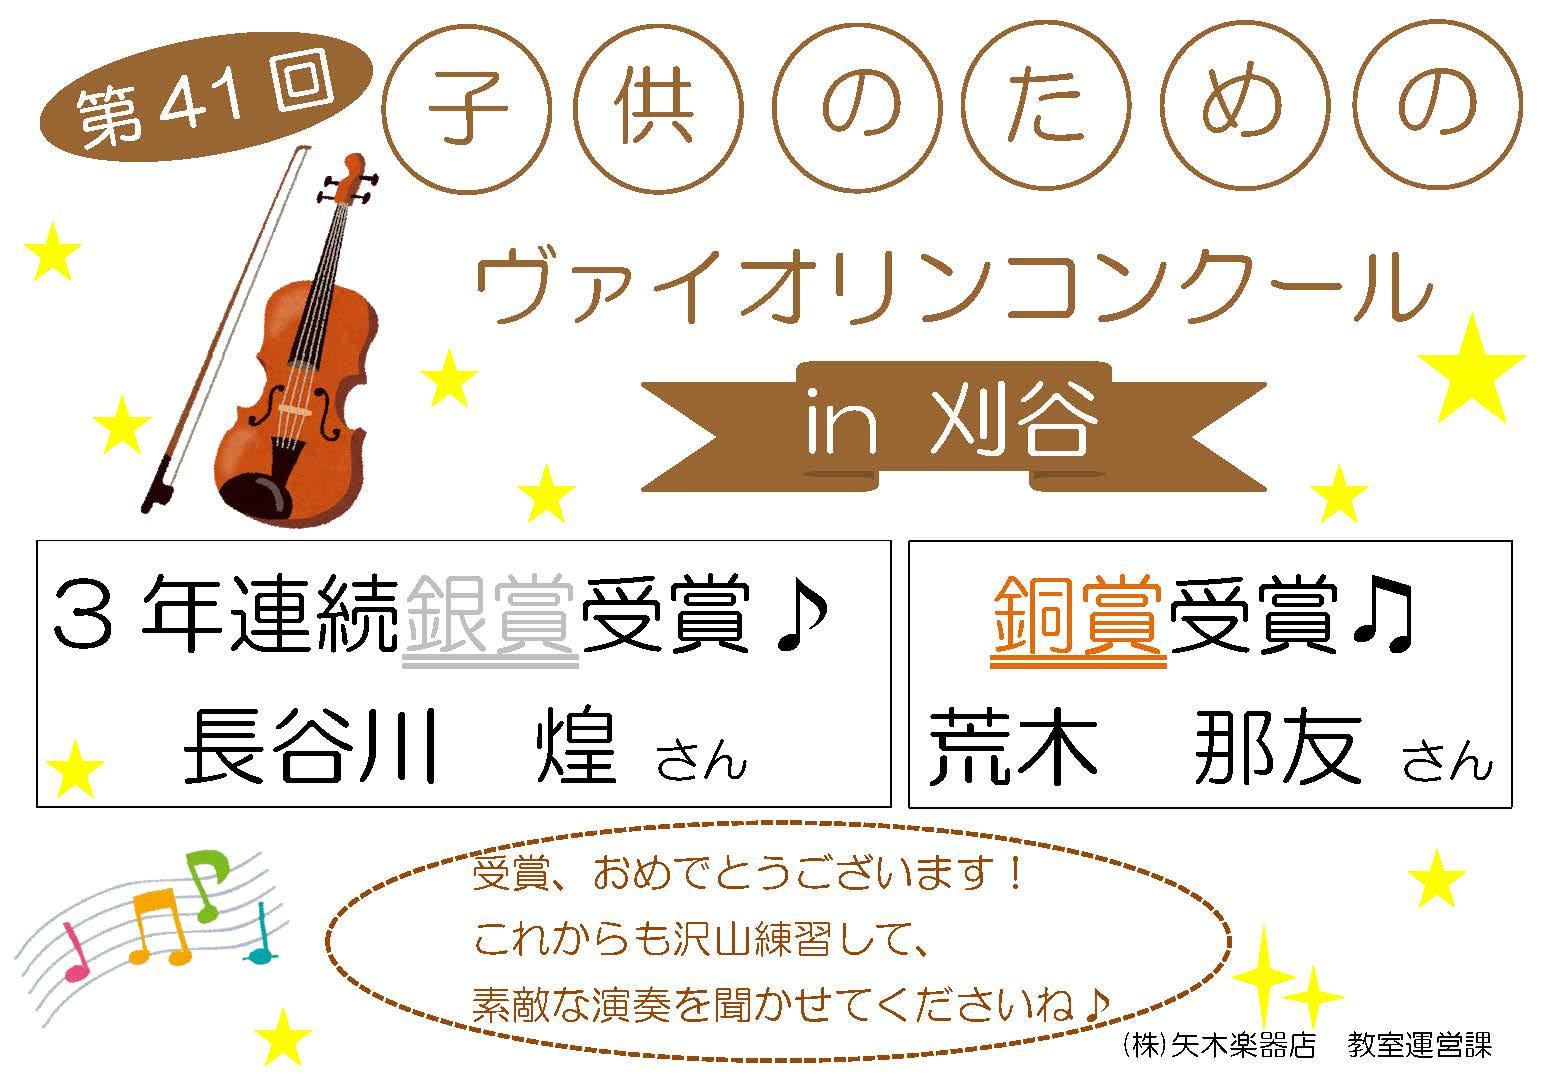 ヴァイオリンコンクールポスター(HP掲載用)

--

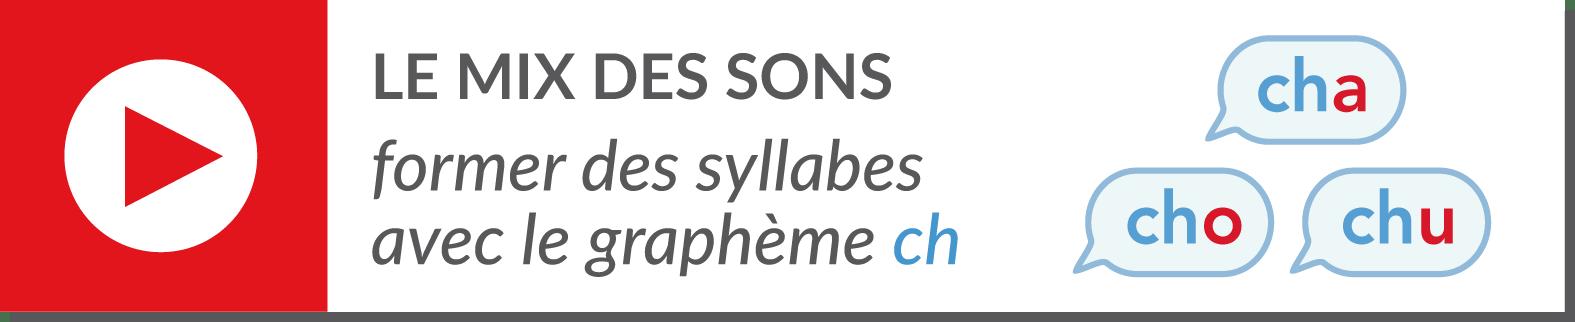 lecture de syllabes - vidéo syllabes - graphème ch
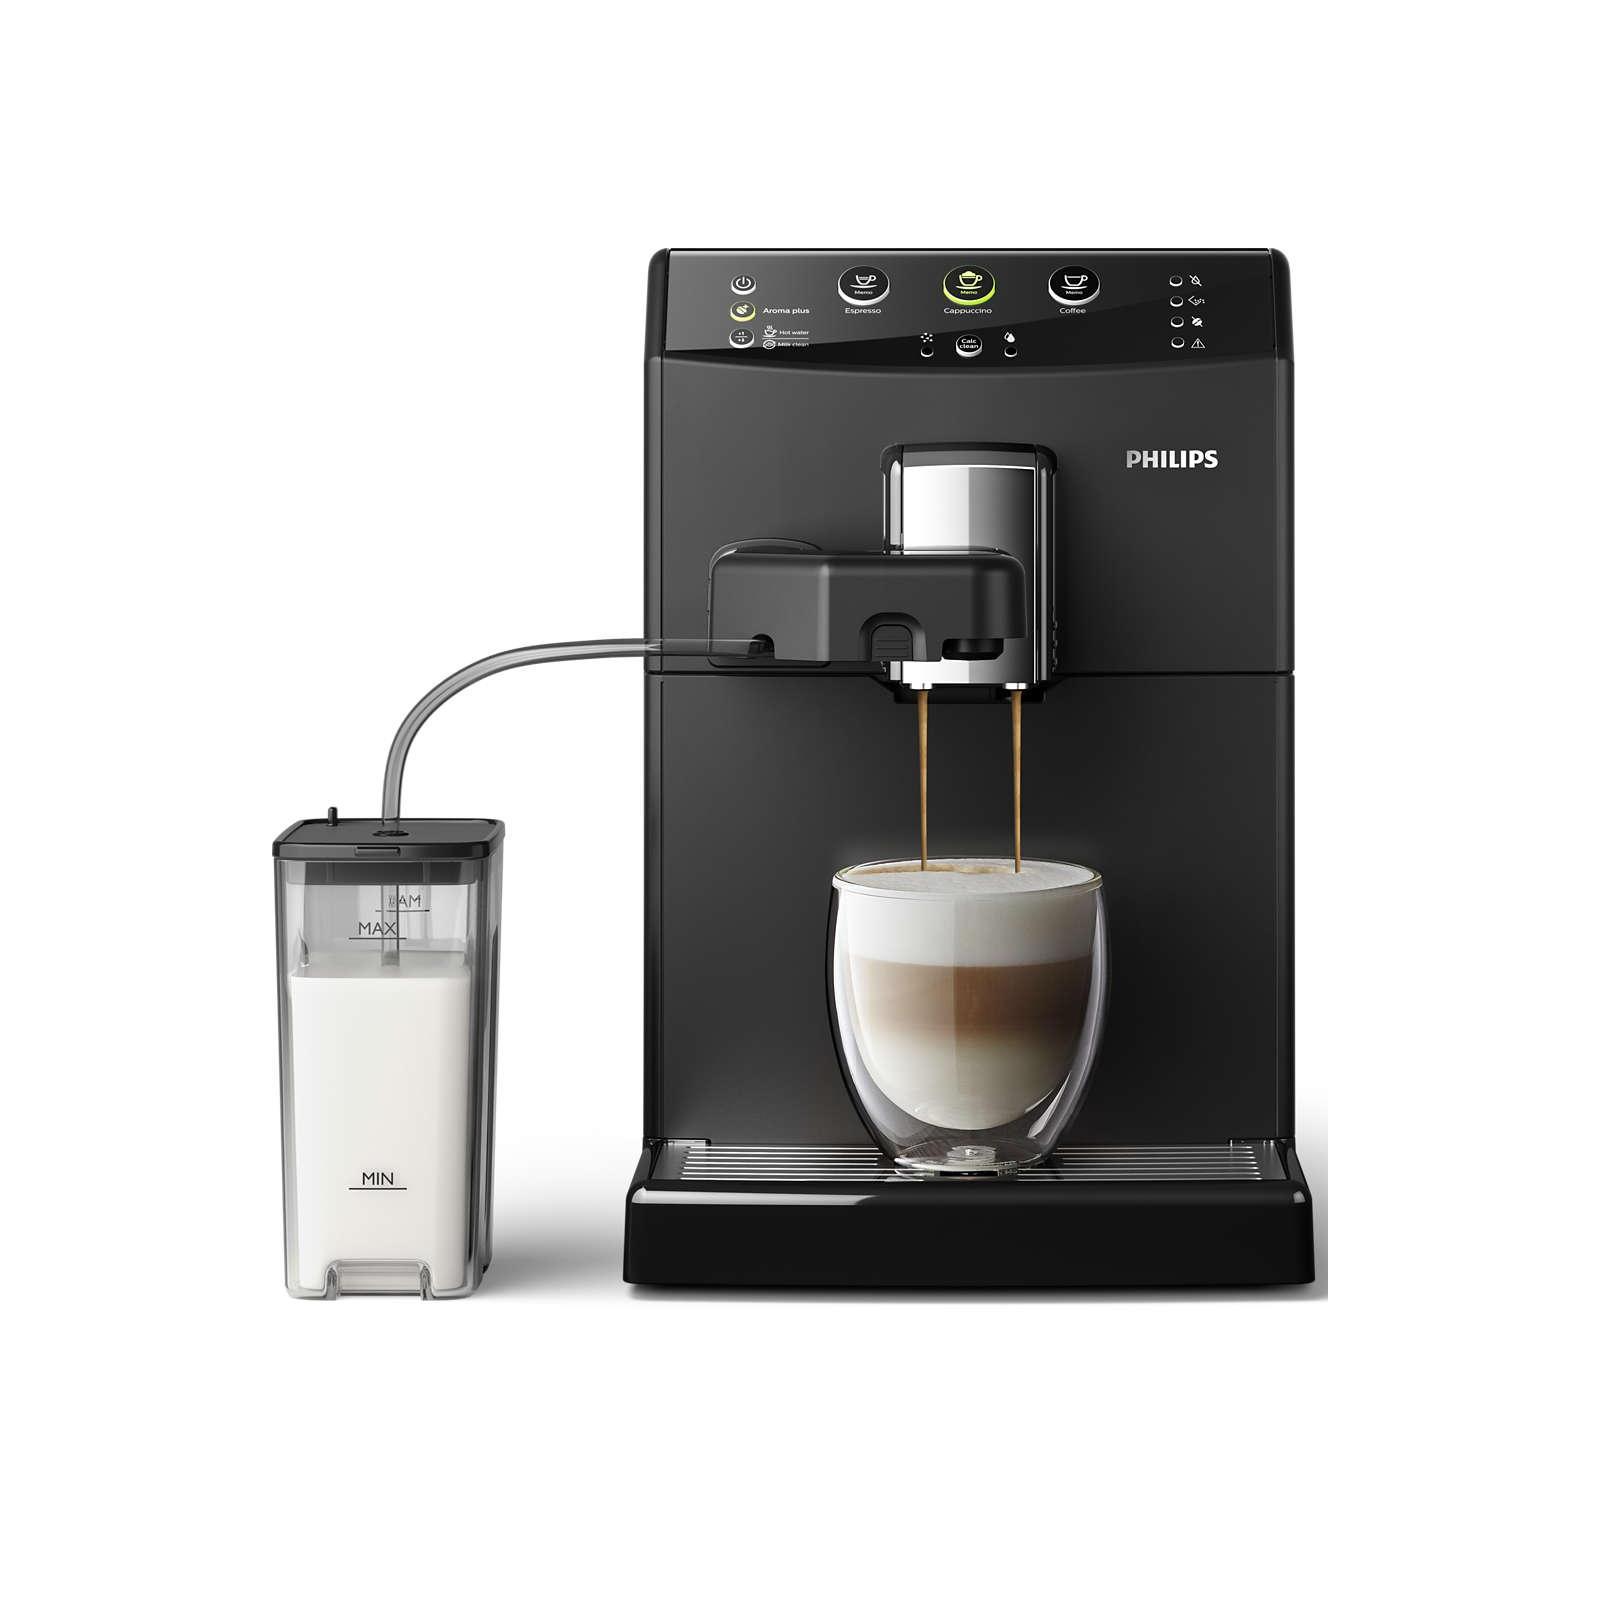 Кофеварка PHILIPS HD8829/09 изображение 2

==

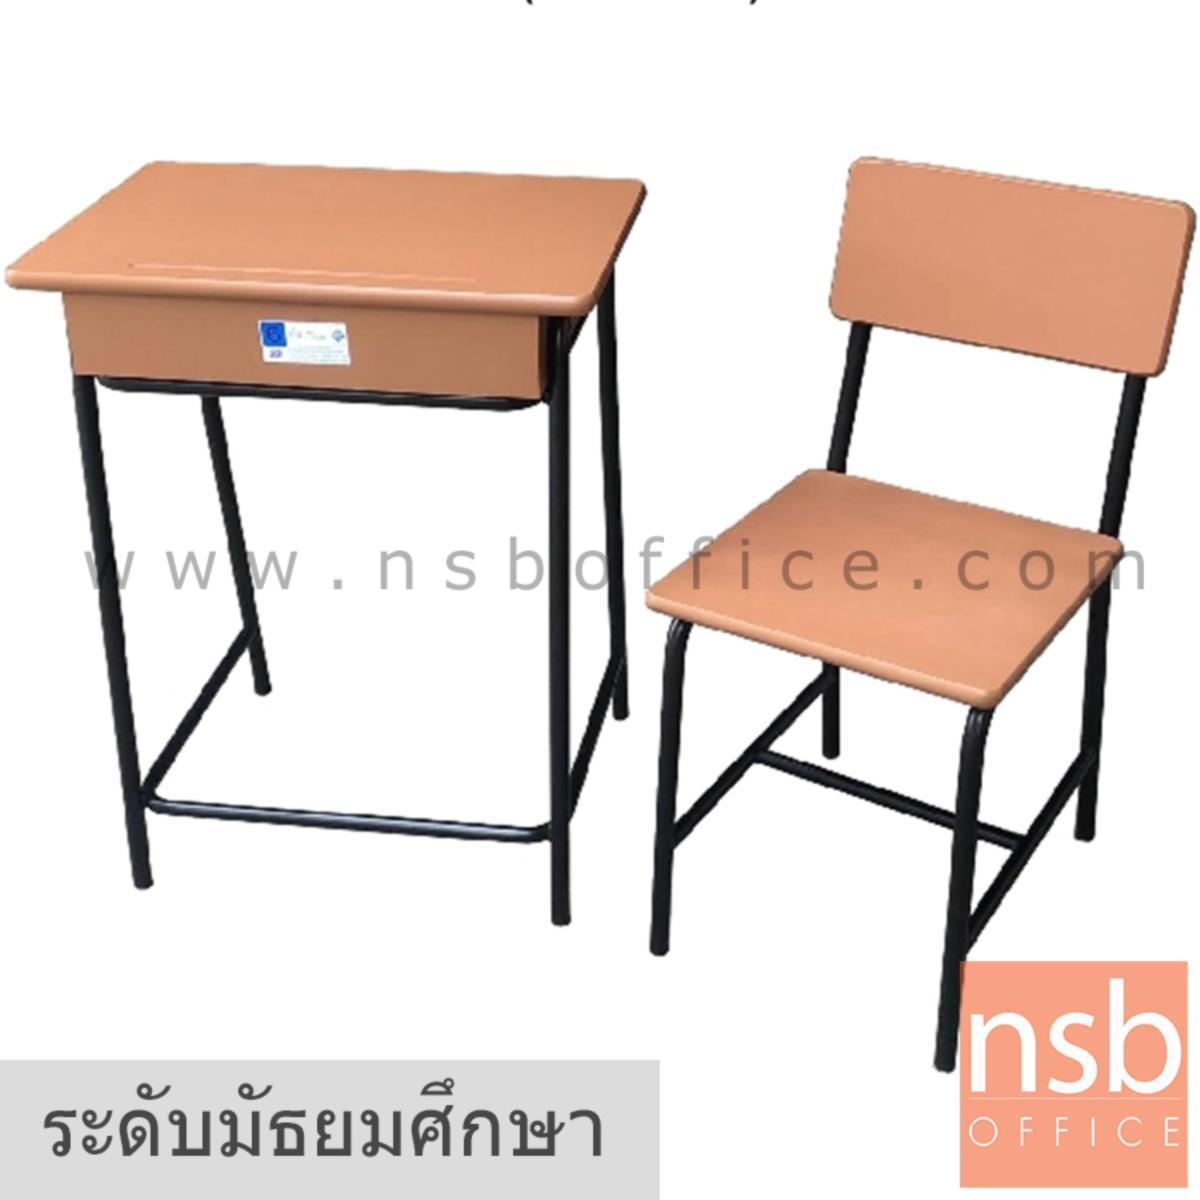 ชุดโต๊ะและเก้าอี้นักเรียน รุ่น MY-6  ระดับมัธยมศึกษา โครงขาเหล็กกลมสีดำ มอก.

Your task: Copy only what runs above from the line containing "lecture de syllabes" through the line containing "Кофеварка PHILIPS HD8829/09 изображение 2", exactly. Leave out the pictures.

Answer to this task:
 lecture de syllabes - vidéo syllabes - graphème ch
 Кофеварка PHILIPS HD8829/09 изображение 2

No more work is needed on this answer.